2.2 Genomic and transcriptomic sequencing
Genomic DNA was isolated from aphid samples using a DNeasy Blood &
Tissue Extraction Kit (Qiagen Inc., Valencia, CA, USA) by following the
manufacturer’s instructions. After the measurement of quality and
quantity, the DNA samples were used for making a paired-end sequencing
library (150 bp in length). The library was sequenced using the Illumina
NovaSeq6000 platform for genome size assessment. In addition, a 20 kb
library was constructed and sequenced using the PacBio RSII platform at
Annoroad Gene Technology Co., Ltd. (Beijing, China). Hi-C libraries were
also constructed from aphid samples according to the Proximo Hi-C
procedure and its quality and concentration were determined via an
Agilent 2100 Bioanalyzer and qPCR. Briefly, aphid samples were mixed
with 1% formaldehyde for 10 min at room temperature and the nuclei were
extracted and
permeabilized.
After the quality of the library was ascertained, different libraries
were pooled to achieve required concentrations for Illumina sequencing
(Rao et al., 2014).
Transcriptomes were generated from
RNA samples extracted from the fundatrix, the fundatrigeniae, autumn
migrants, nymphs, spring migrants (sexuparae), male and female sexuales,
respectively, following the standard protocols provided by the
manufacturer. RNA quantity, purity and integrity were determined by a
NanoPhotometer and the Agilent 2100 Bioanalyzer. cDNA libraries were
built following the chain specific method. The libraries were initially
quantified with qubit 2.0 fluorometer and diluted to 1.5 ng/ul.

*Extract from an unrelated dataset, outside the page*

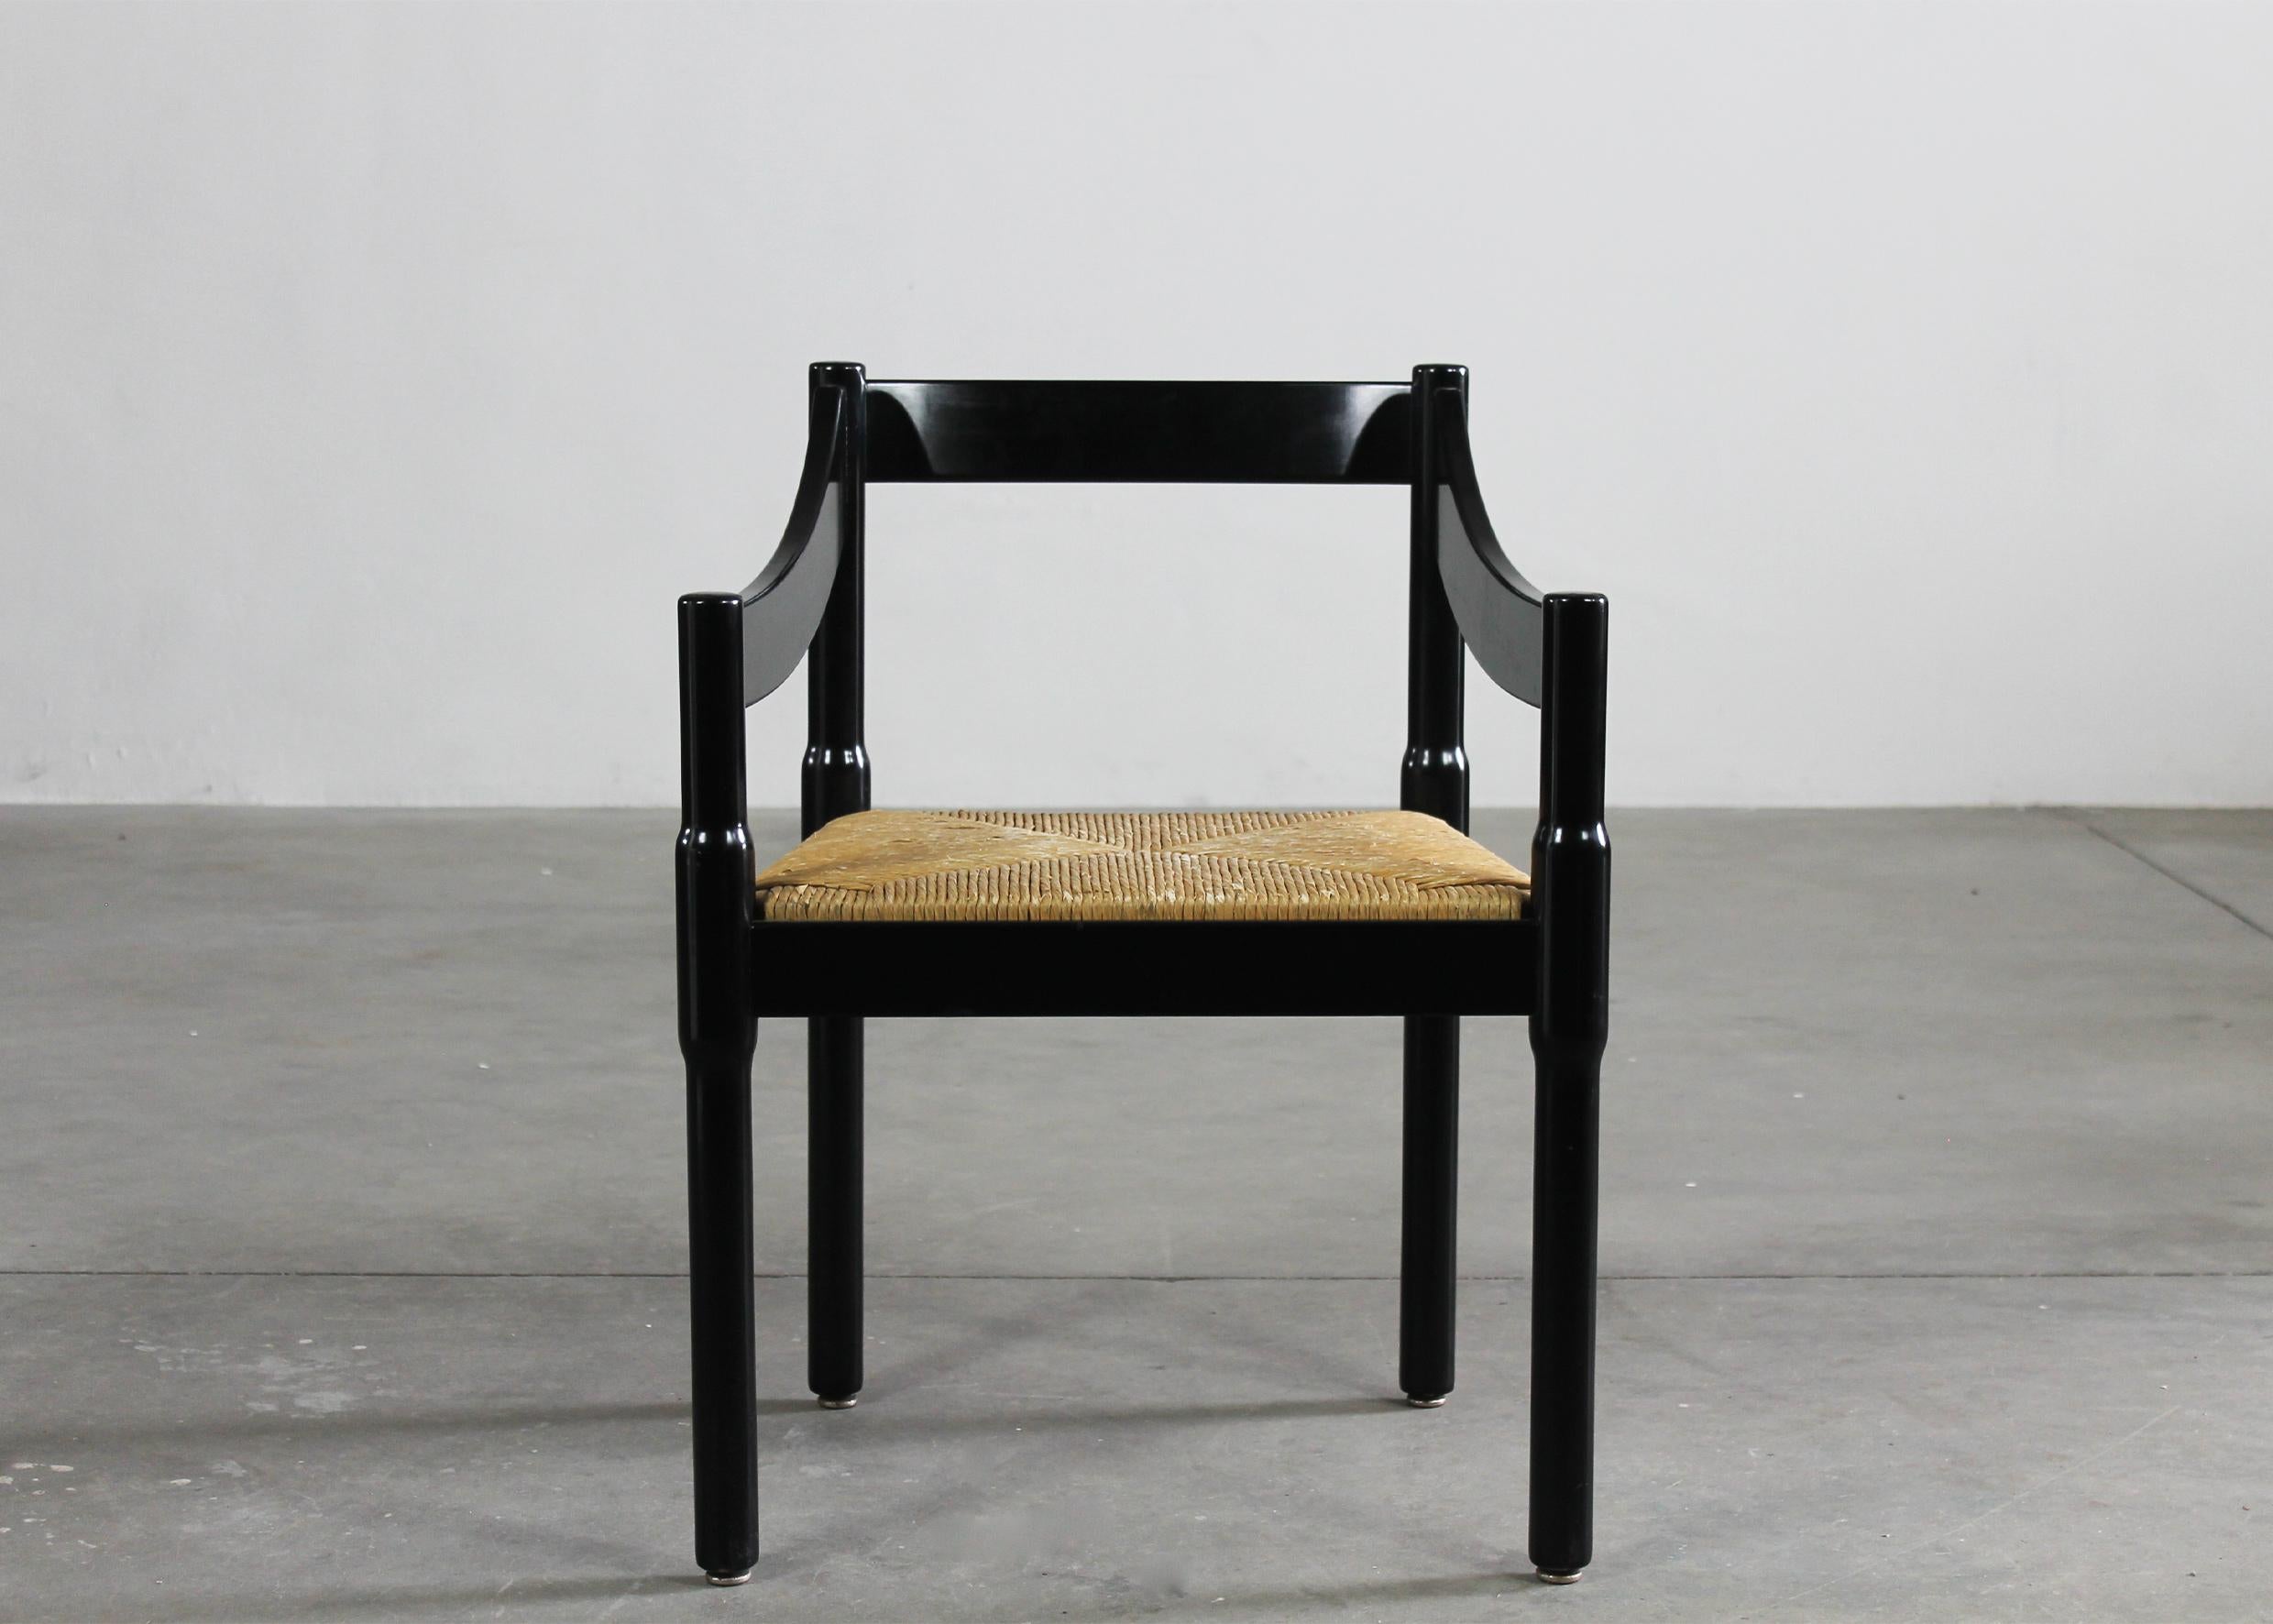 Vico Magistretti: Set aus zwölf schwarzen Carimate-Stühlen von Cassina, 1960er Jahre (Mitte des 20. Jahrhunderts)

Different libraries were pooled according to the requirements of
effective concentration and target data volume for Illumina sequencing.
Low-quality bases in the RNA-Seq raw reads were first filtered using
Trimmomatic (version 0.36) (Bolger, Lohse, & Usadel, 2014). Then, the
clean reads were mapped to the genome assembly using Hisat2
(version2.1.0.5) (Kim et al., 2015) to obtain putative transcripts. The
transcripts gene expression was analyzed by using cufflinks
(version2.2.1) (Ghosh, & Chan, 2016).